Thu. Nov 21st, 2024
Occasional Digest - a story for you

Presidents Day occurs at a crucial moment this year, with the presidency on the cusp of crisis as we inexorably shuffle toward a rematch between the incumbent and his predecessor. It’s the sort of contest we haven’t seen since the 19th century, and judging by public opinion of President Biden and former President Trump, most Americans would have preferred to keep it that way.

But the third installment of our Presidential Greatness Project, a poll of presidential experts released this weekend, shows that scholars don’t share American voters’ roughly equal distaste for both candidates.

Biden, in fact, makes his debut in our rankings at No. 14, putting him in the top third of American presidents. Trump, meanwhile, maintains the position he held six years ago: dead last, trailing such historically calamitous chief executives as James Buchanan and Andrew Johnson. In that and other respects, Trump’s radical departure from political, institutional and legal norms has affected knowledgeable assessments not just of him but also of Biden and several other presidents.

The overall survey results reveal stability as well as change in the way scholars assess our nation’s most important and controversial political office. Great presidents have traditionally been viewed as those who presided over moments of national transformation, led the country through major crises and expanded the institution of the presidency. Military victories, economic growth, assassinations and scandals also affect expert assessments of presidential performance.

The presidents at the top of our rankings, and others like ours, reflect this. Hallowed leaders such as Abraham Lincoln, Franklin Delano Roosevelt and George Washington consistently lead the list.

Our latest rankings also show that the experts’ assessments are driven not only by traditional notions of greatness but also by the evolving values of our time.

One example is the continuing decline in esteem for two important presidents, Andrew Jackson and Woodrow Wilson.

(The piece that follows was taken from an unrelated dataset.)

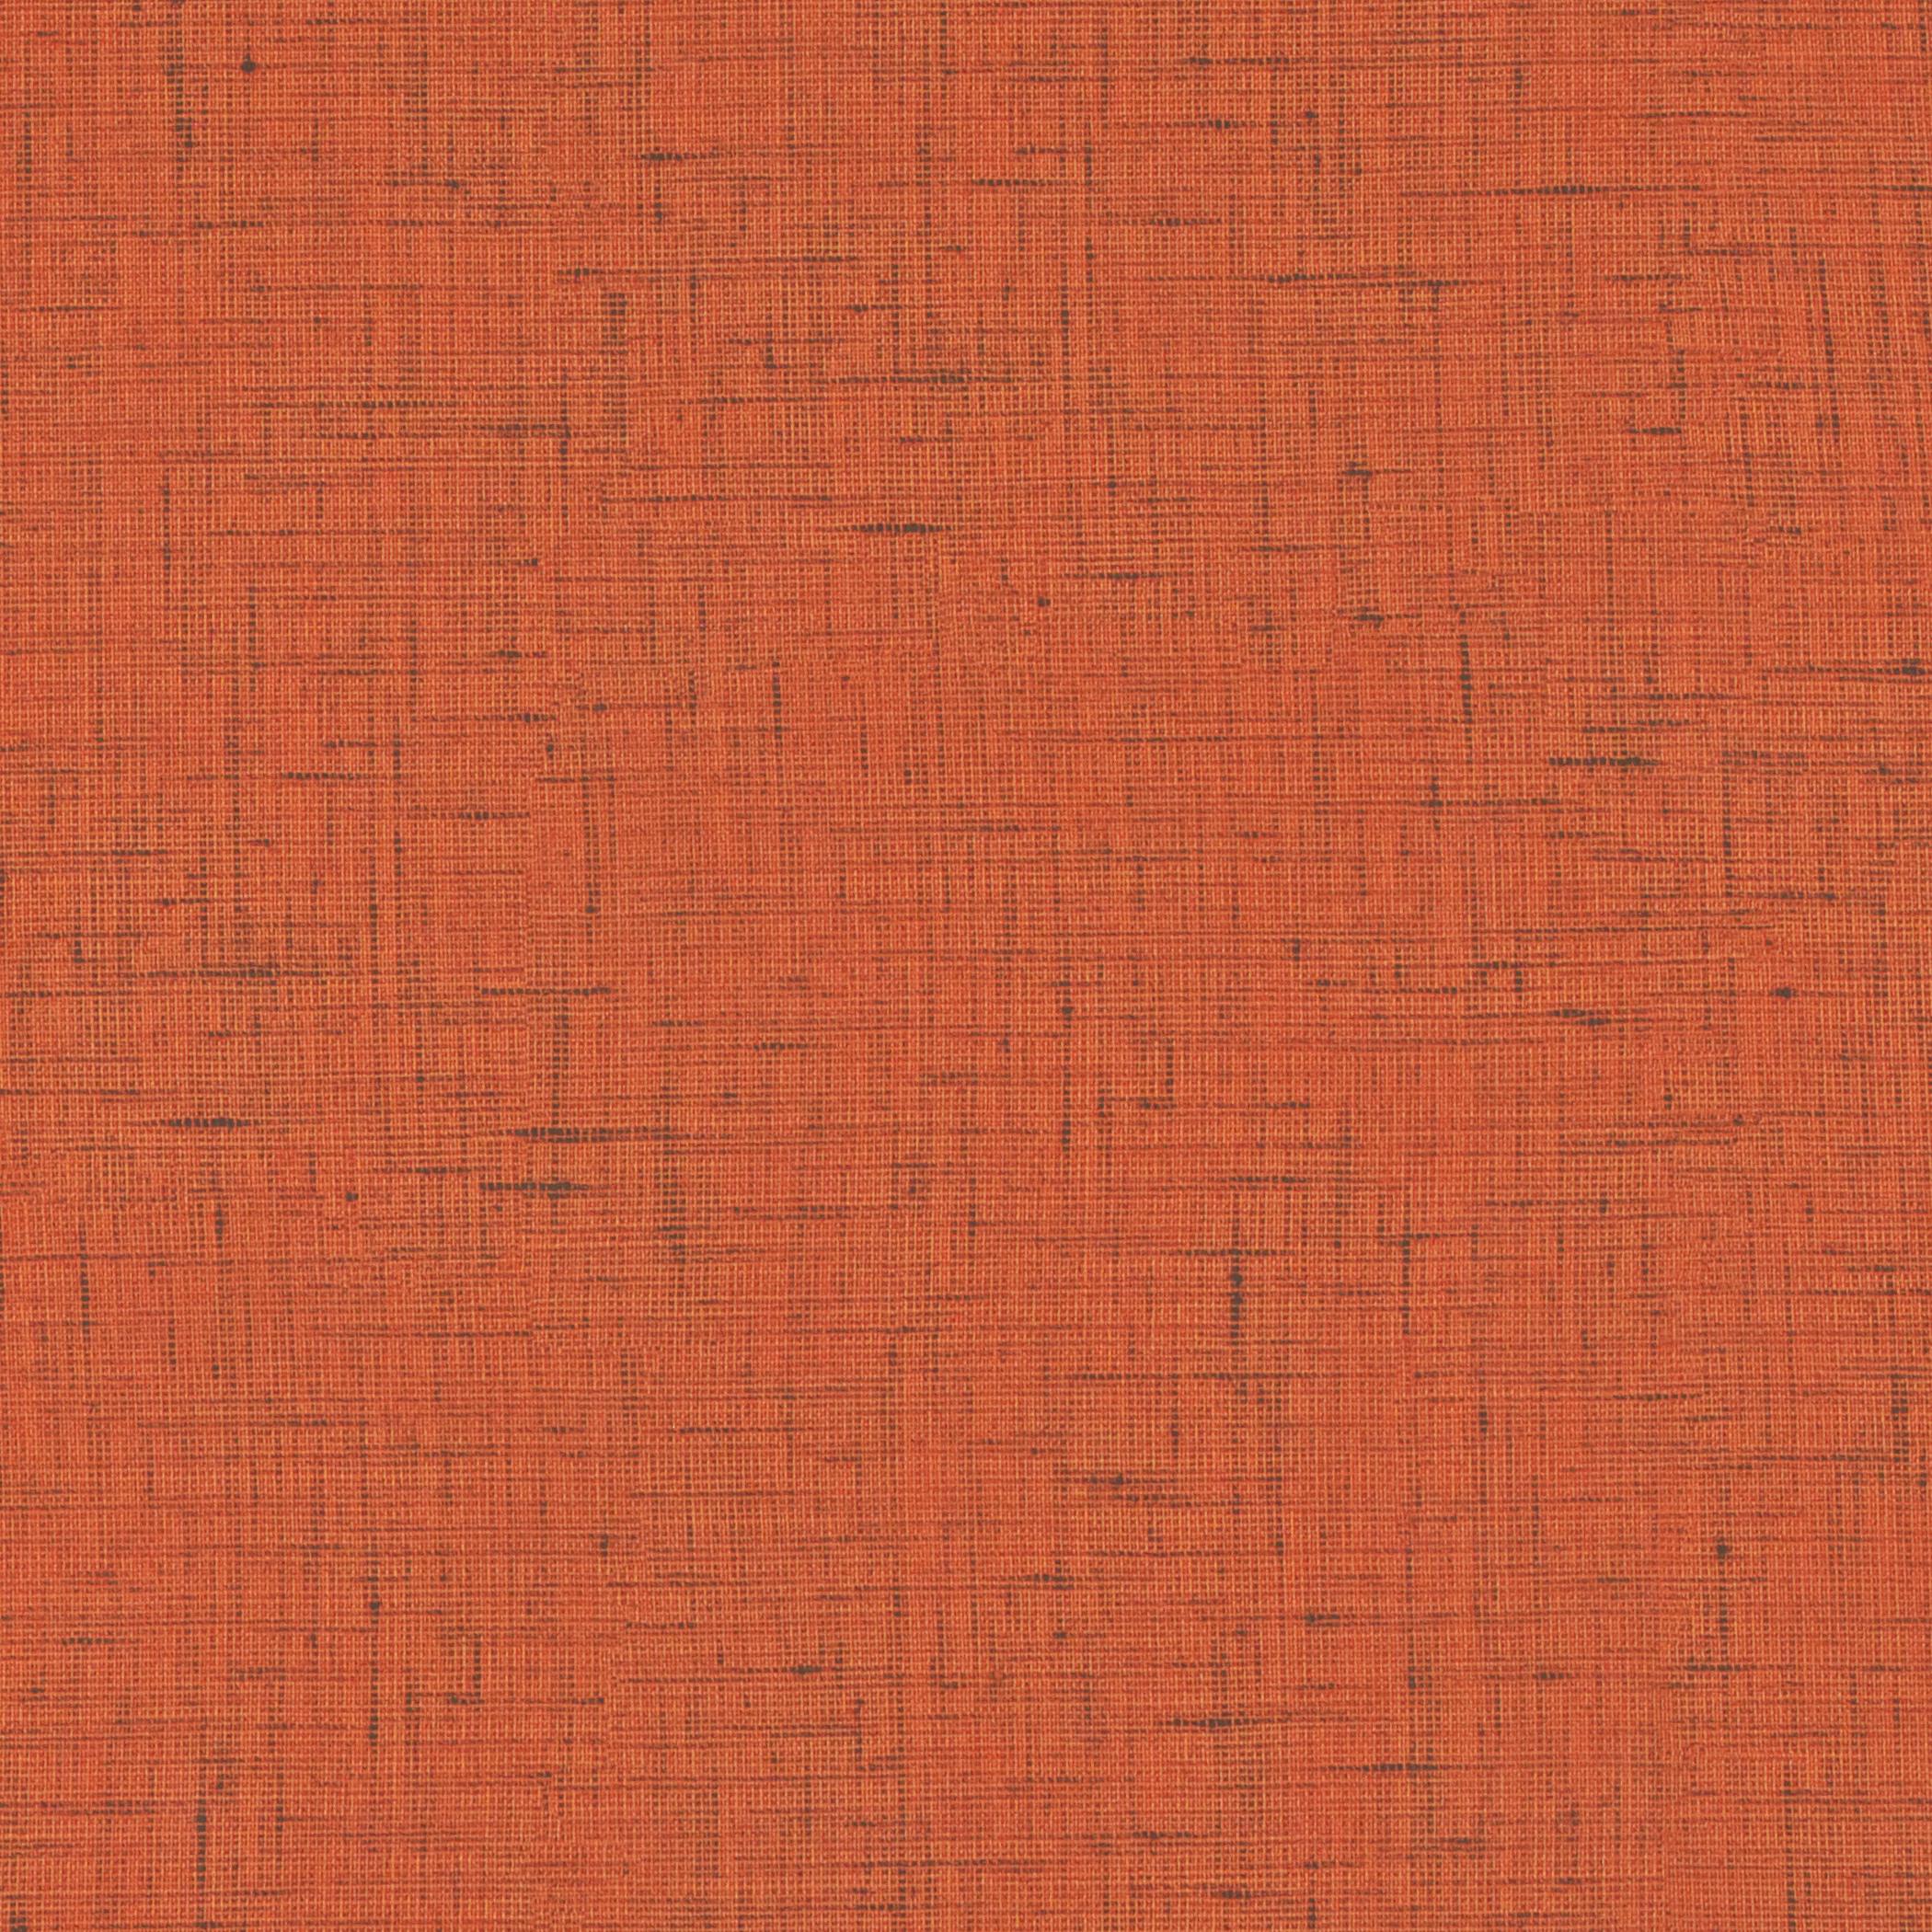 9490 Orange Lacquered Linen - Formica

Their reputations have consistently suffered in recent years as modern politics lead scholars to assess their early 19th and 20th century presidencies ever more harshly, especially their unacceptable treatment of marginalized people.

More acutely, this survey has seen a pronounced partisan dynamic emerge, arguably in response to the Trump presidency and the Trumpification of presidential politics.

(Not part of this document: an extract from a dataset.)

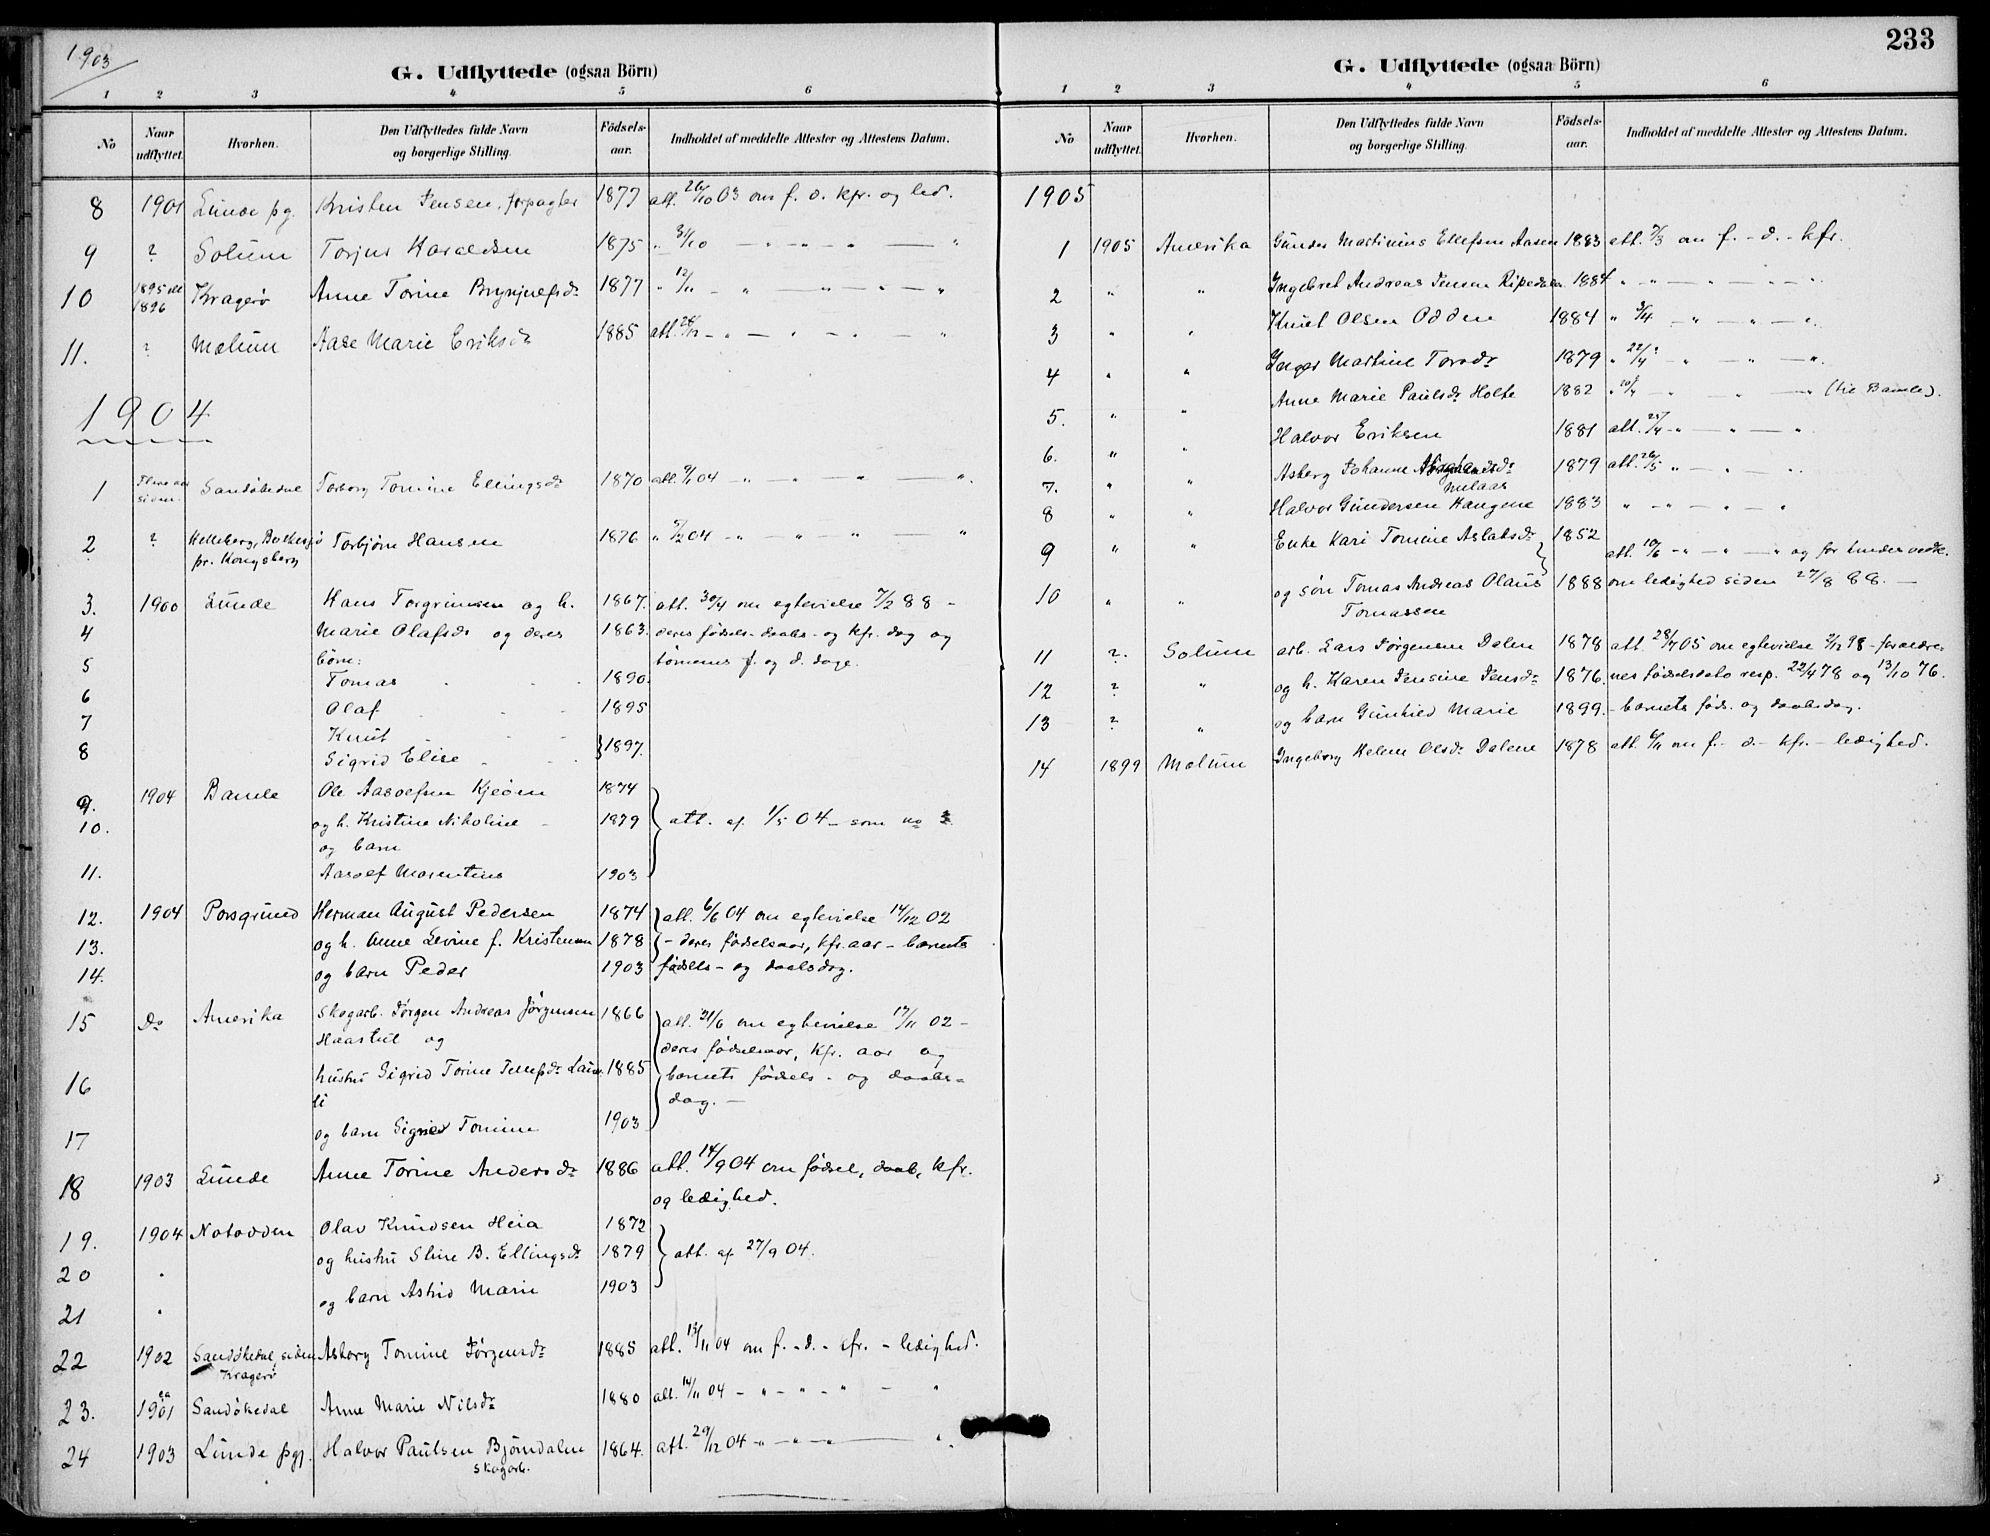 SAKO, Drangedal kirkebøker, F/Fa/L0012: Ministerialbok nr. 12, 1895-1905, s. 233

Proponents of the Biden presidency have strong arguments in their arsenal, but his high placement within the top 15 suggests a powerful anti-Trump factor at work. So far, Biden’s record does not include the military victories or institutional expansion that have typically driven higher rankings, and a family scandal such as the one involving his son Hunter normally diminishes a president’s ranking.

Biden’s most important achievements may be that he rescued the presidency from Trump, resumed a more traditional style of presidential leadership and is gearing up to keep the office out of his predecessor’s hands this fall.

Trump’s position at the bottom of our rankings, meanwhile, puts him behind not only Buchanan and Johnson but also such lowlights as Franklin Pierce, Warren Harding and William Henry Harrison, who died a mere 31 days after taking office.

Trump’s impact goes well beyond his own ranking and Biden’s. Every contemporary Democratic president has moved up in the ranks — Barack Obama (No. 7), Bill Clinton (No. 12) and even Jimmy Carter (No. 22).

Yes, these presidents had great accomplishments such as expanding healthcare access and working to end conflict in the Middle East, and they have two Nobel Prizes among them. But given their shortcomings and failures, their rise seems to be less about reassessments of their administrations than it is a bonus for being neither Trump nor a member of his party.

Indeed, every modern Republican president has dropped in the survey, including the transformational Ronald Reagan (No. 16) and George H.W. Bush (No. 19), who led the nation’s last decisive military victory.

Academics do lean left, but that hasn’t changed since our previous surveys. What these results suggest is not just an added emphasis on a president’s political affiliation, but also the emergence of a president’s fealty to political and institutional norms as a criterion for what makes a president “great” to the scholars who study them.

As for the Americans casting a ballot for the next president, they are in the historically rare position of knowing how both candidates have performed in the job. Whether they will consider each president’s commitment to the norms of presidential leadership, and come to rate them as differently as our experts, remains to be seen.

Justin Vaughn is an associate professor of political science at Coastal Carolina University. Brandon Rottinghaus is a professor of political science at the University of Houston.